_TASK REQUIREMENTS_
Reproduce the lines below exactly. Skip images.

_DATA PROVIDED_

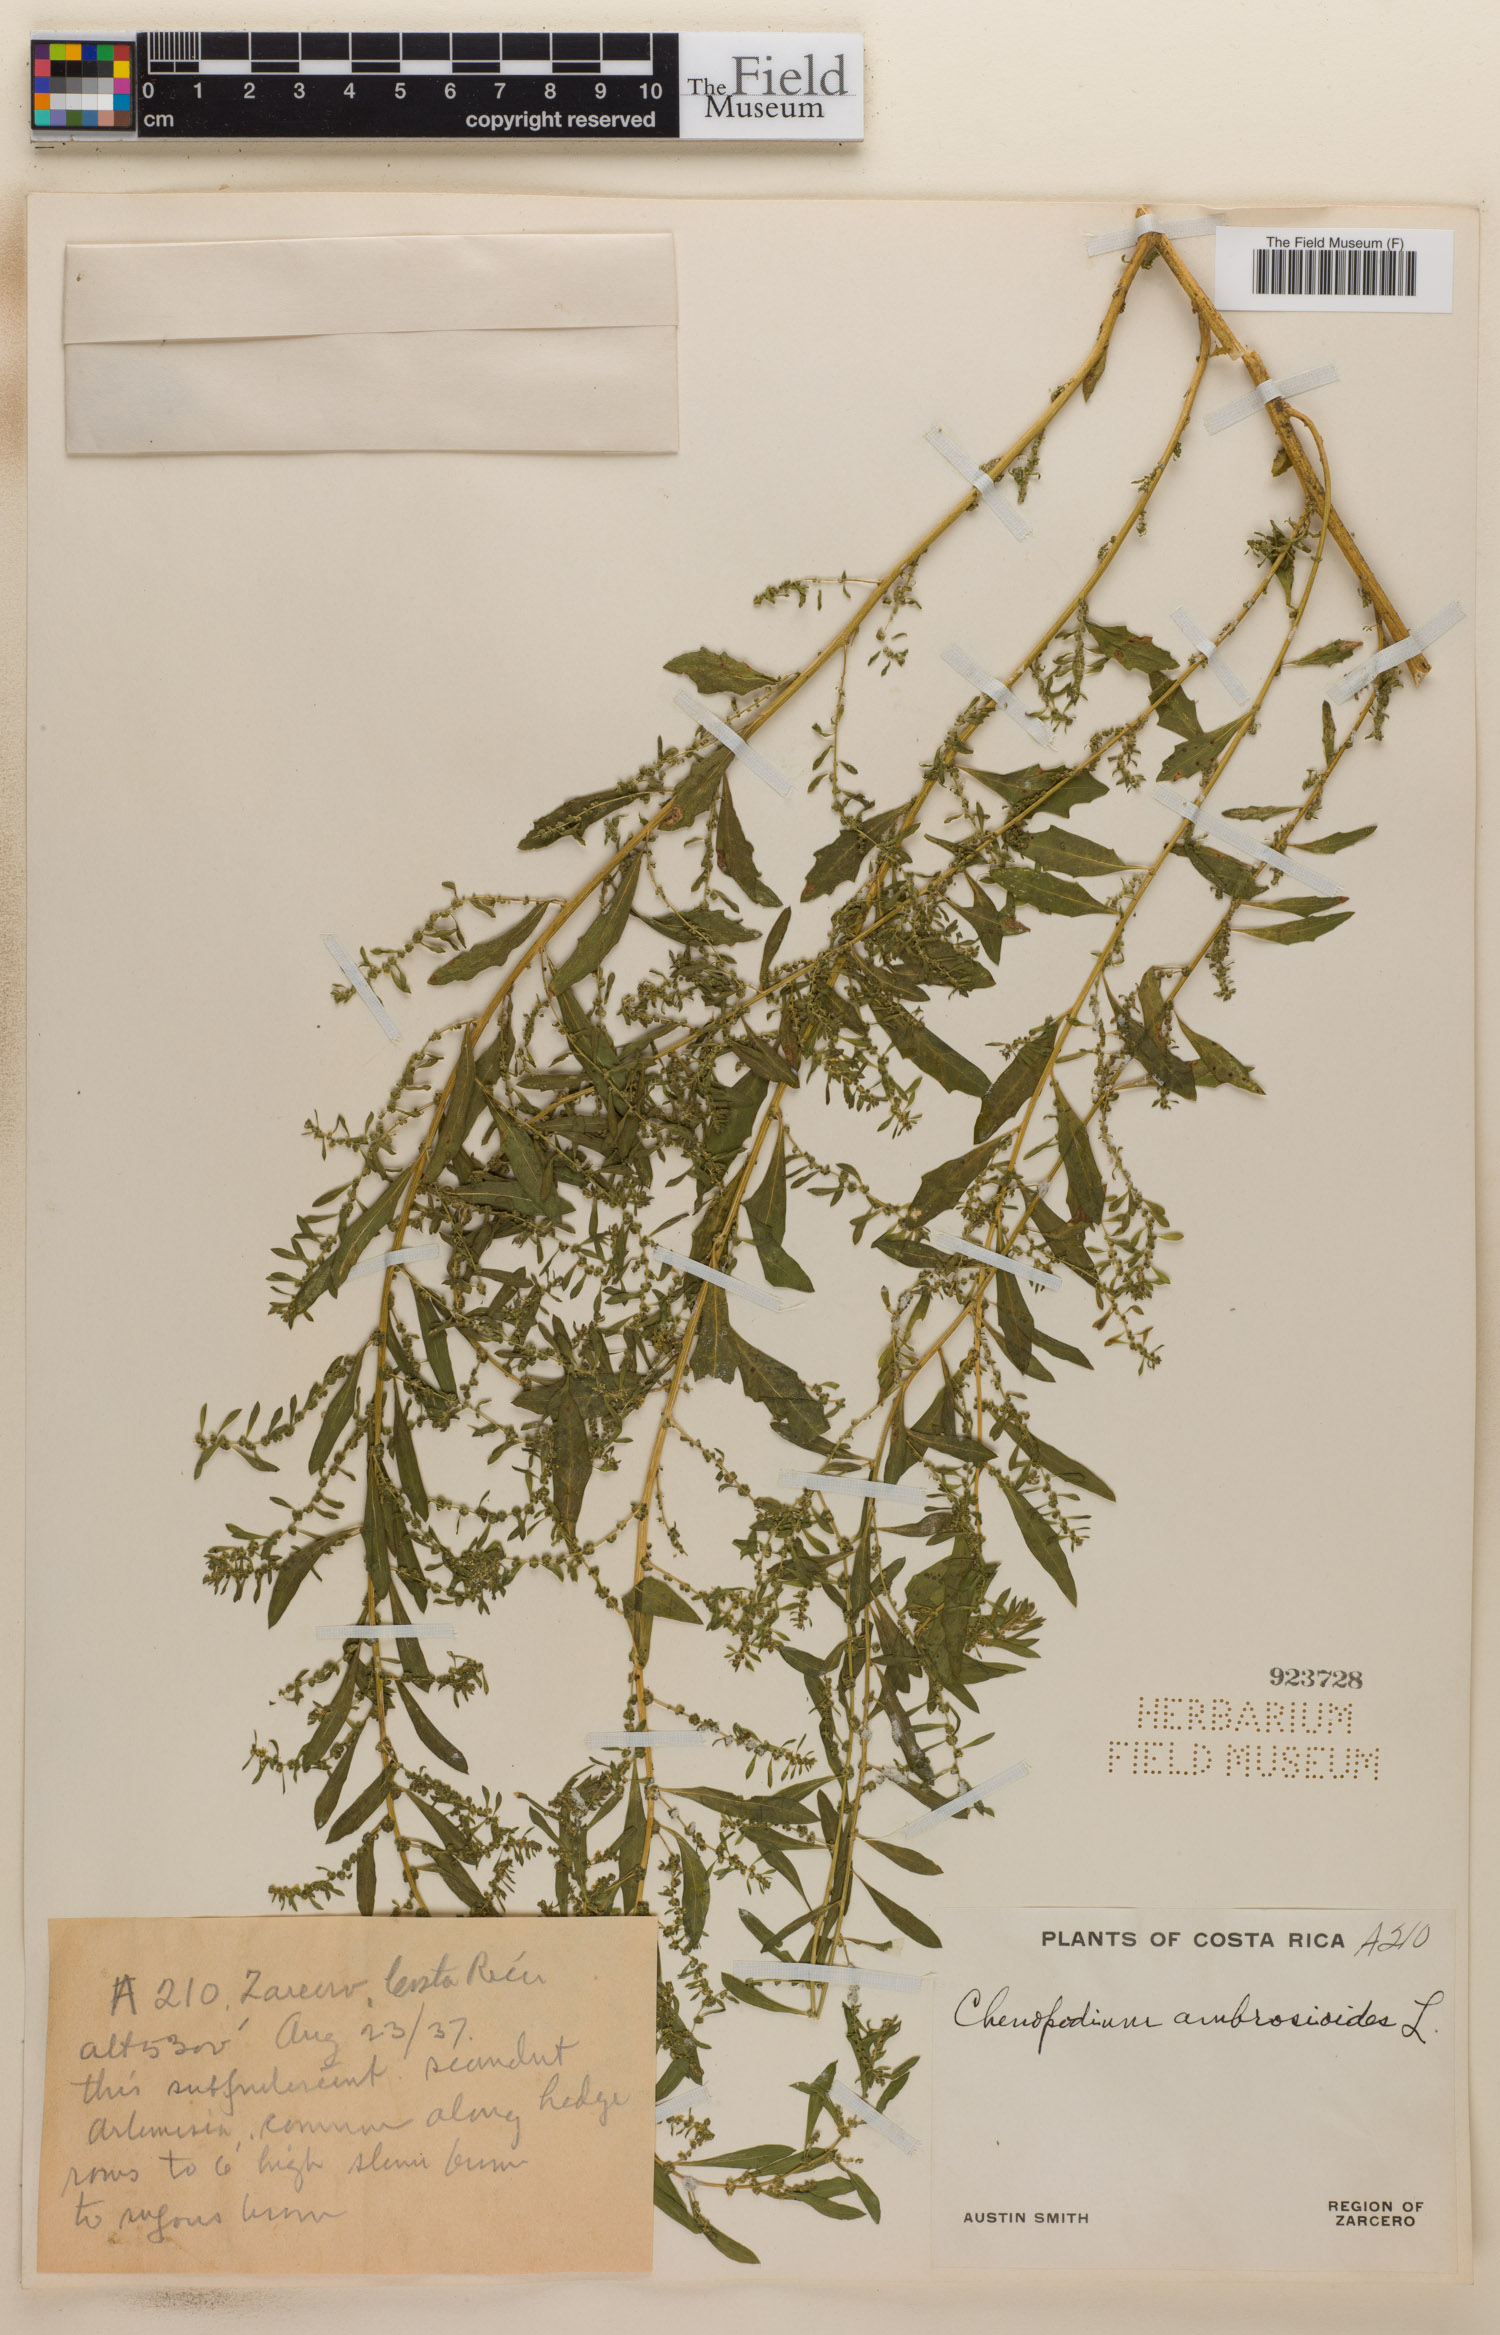 Chenopodium image
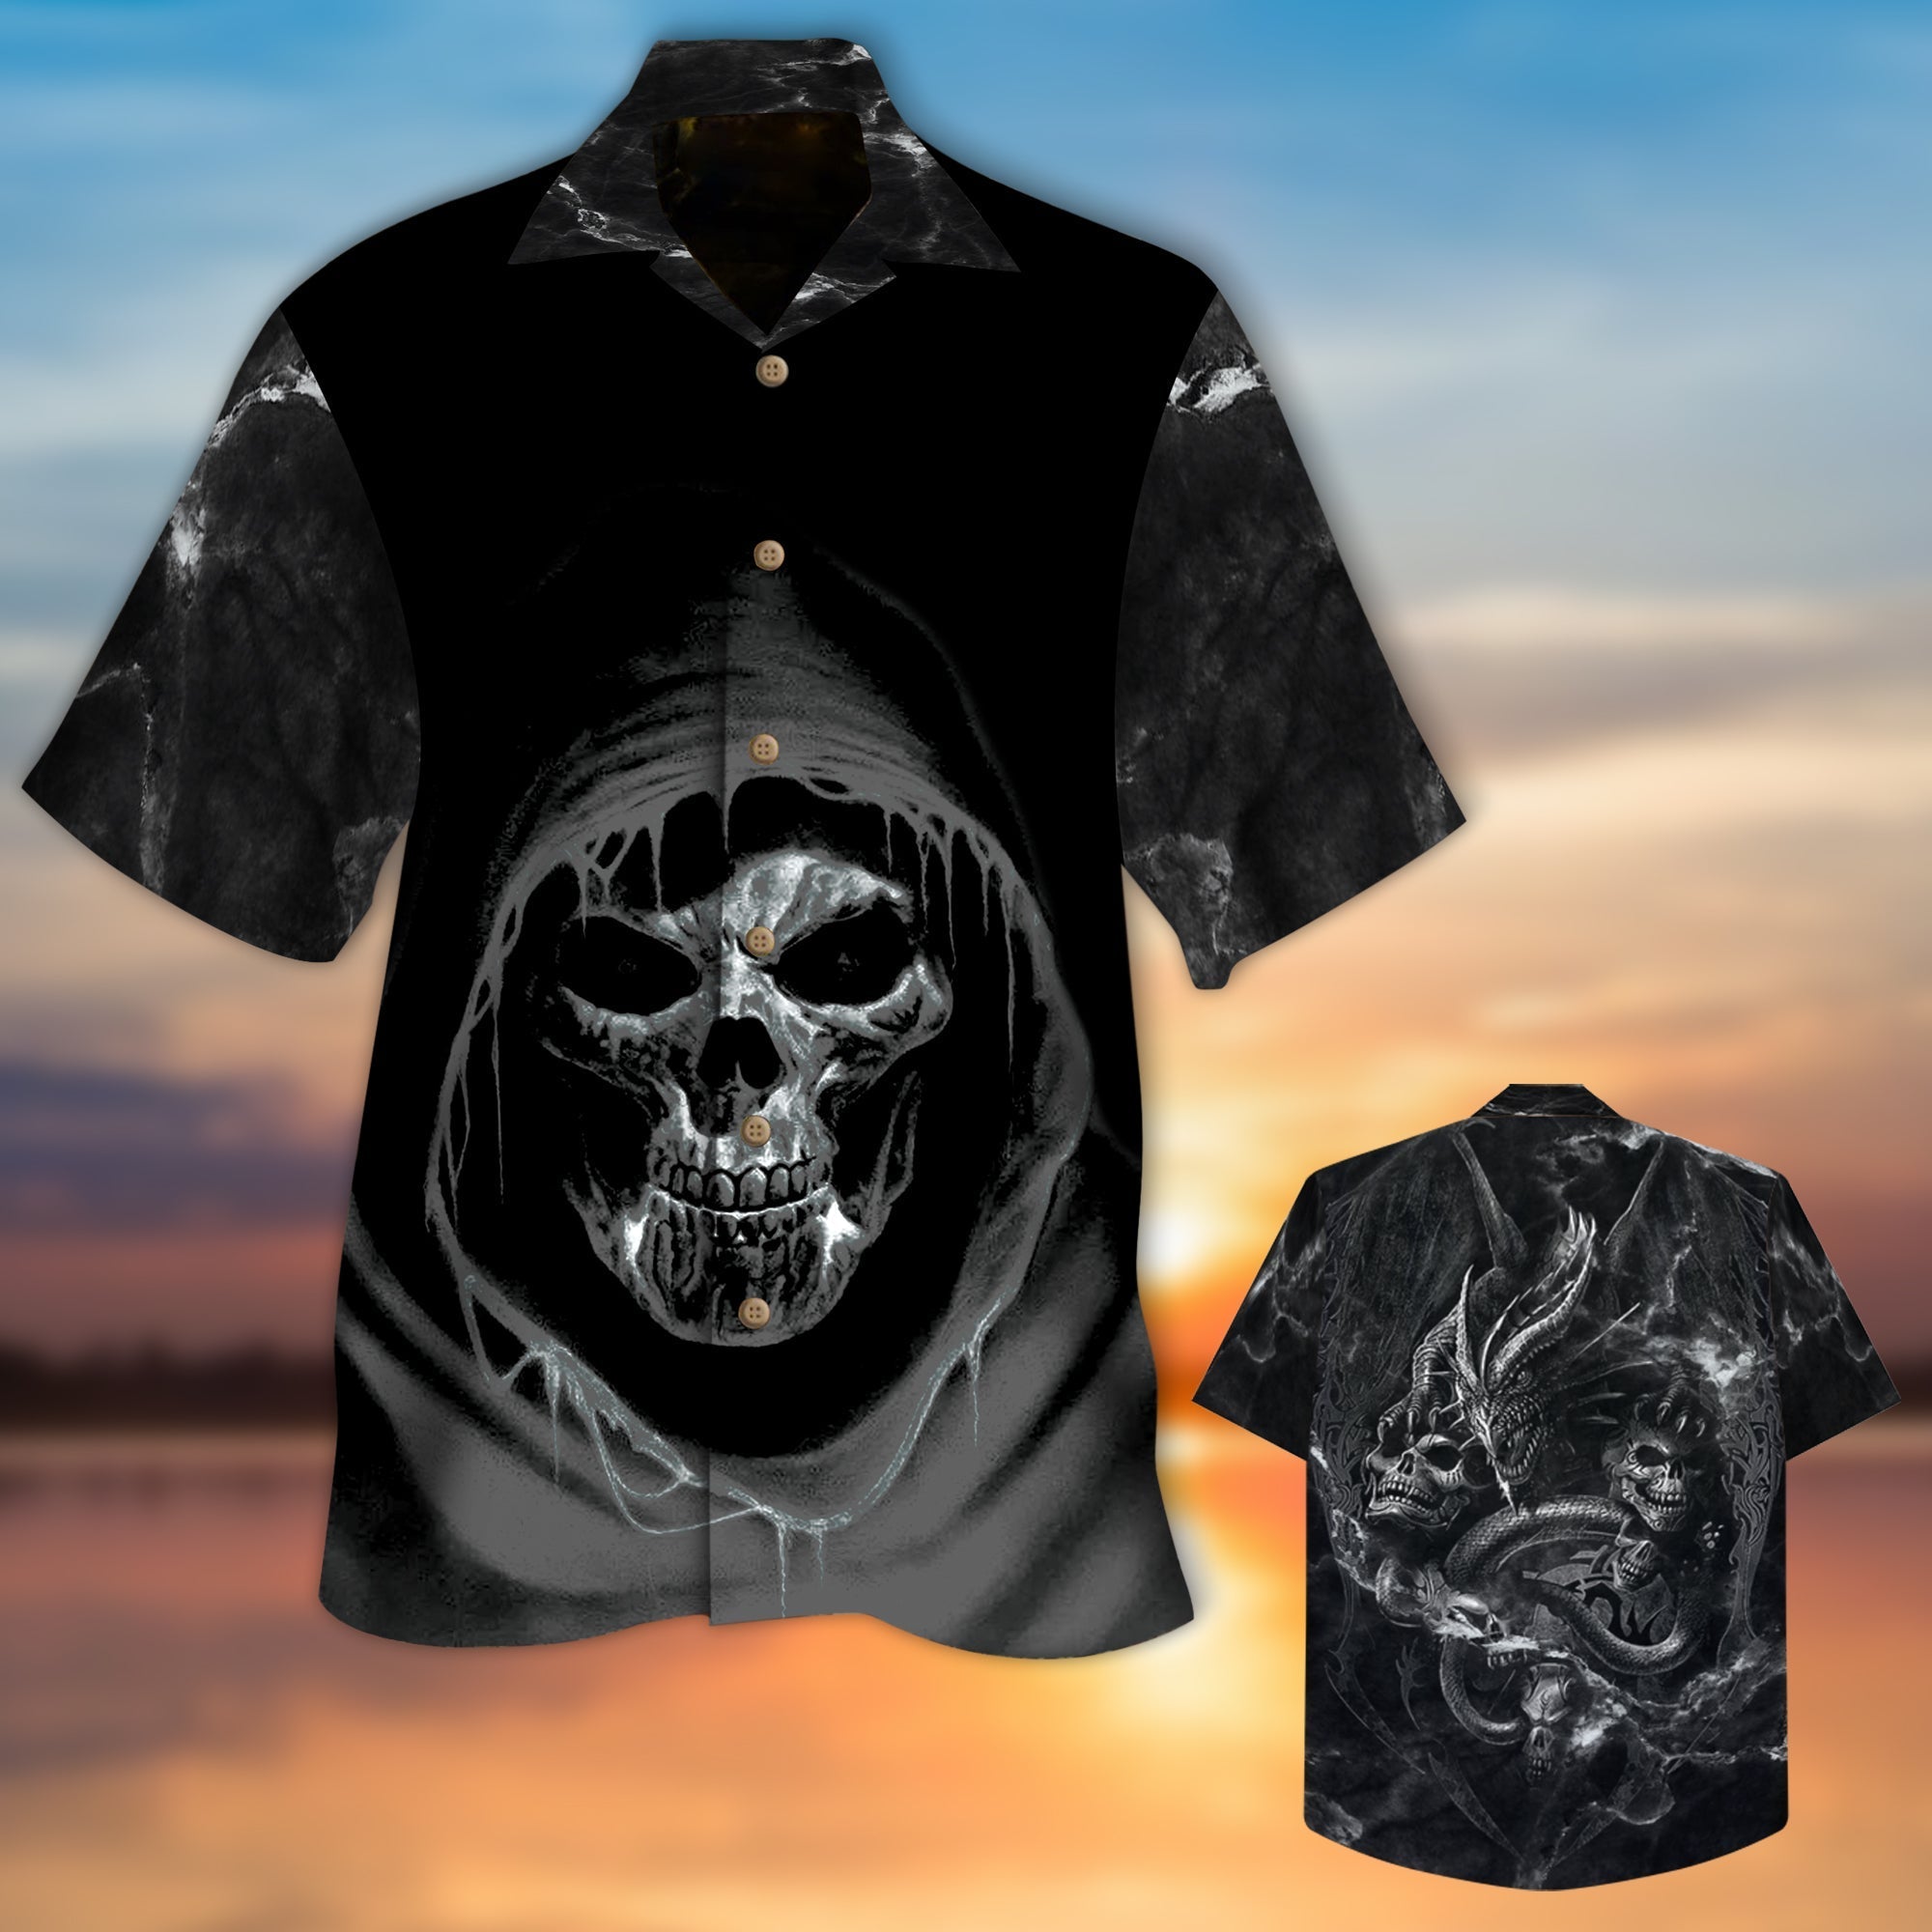 The Reaper Skull Black All Over Printed 3D Hawaiian Shirt
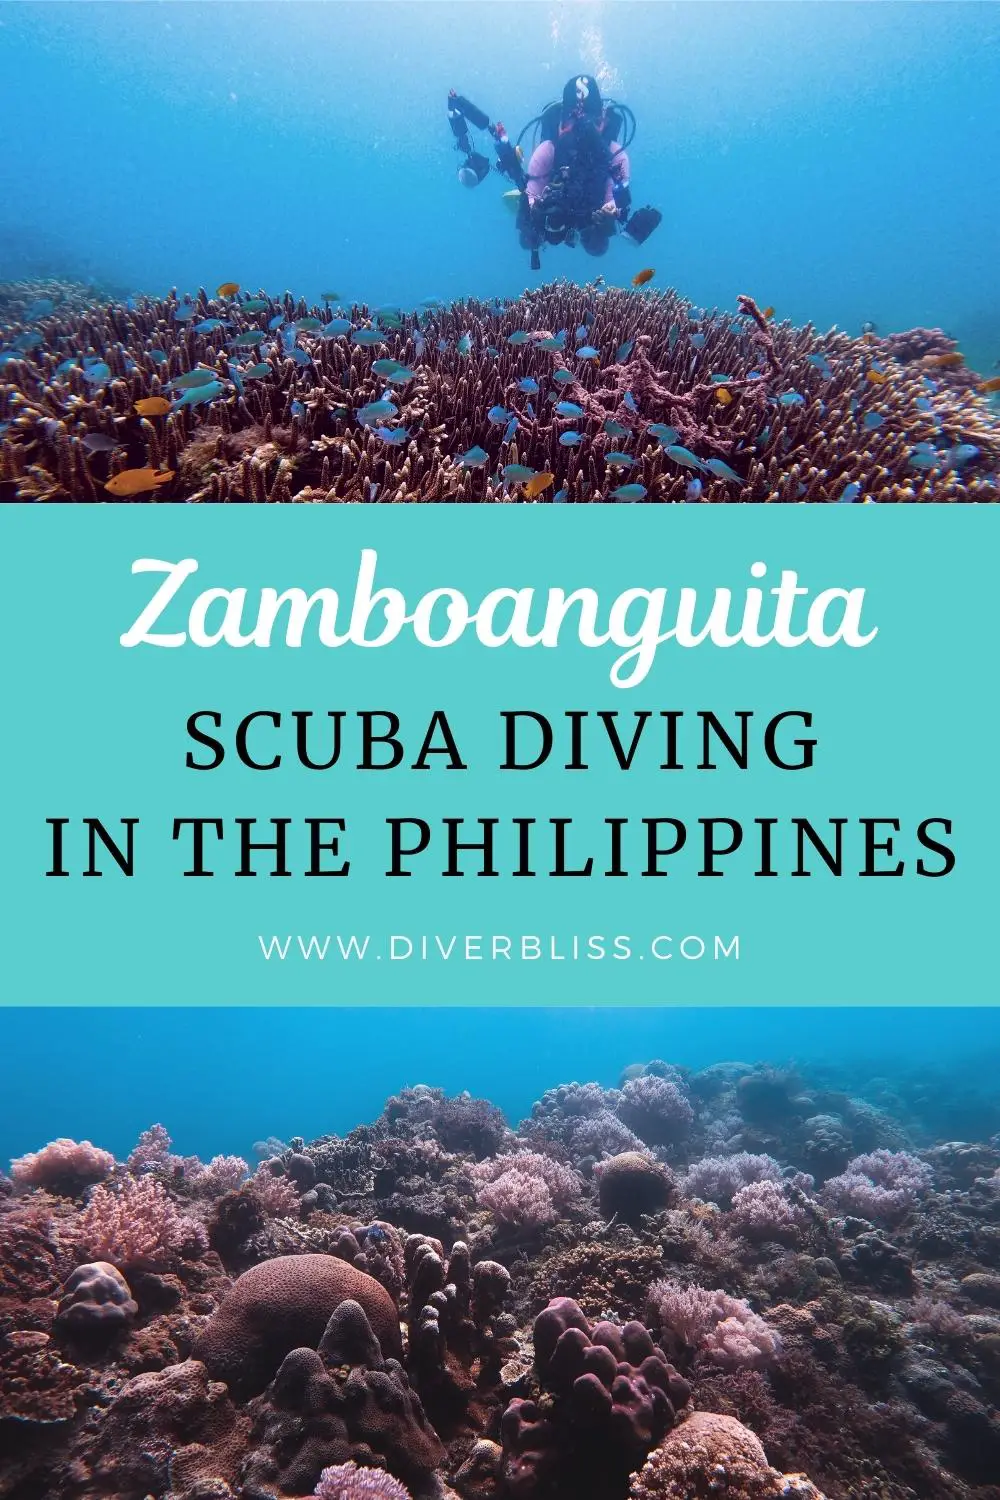 Zamboanguita scuba diving in the Philippines

_SOLUTION FOR THIS TASK_
 Chenopodium image
 The Reaper Skull Black All Over Printed 3D Hawaiian Shirt
 Zamboanguita scuba diving in the Philippines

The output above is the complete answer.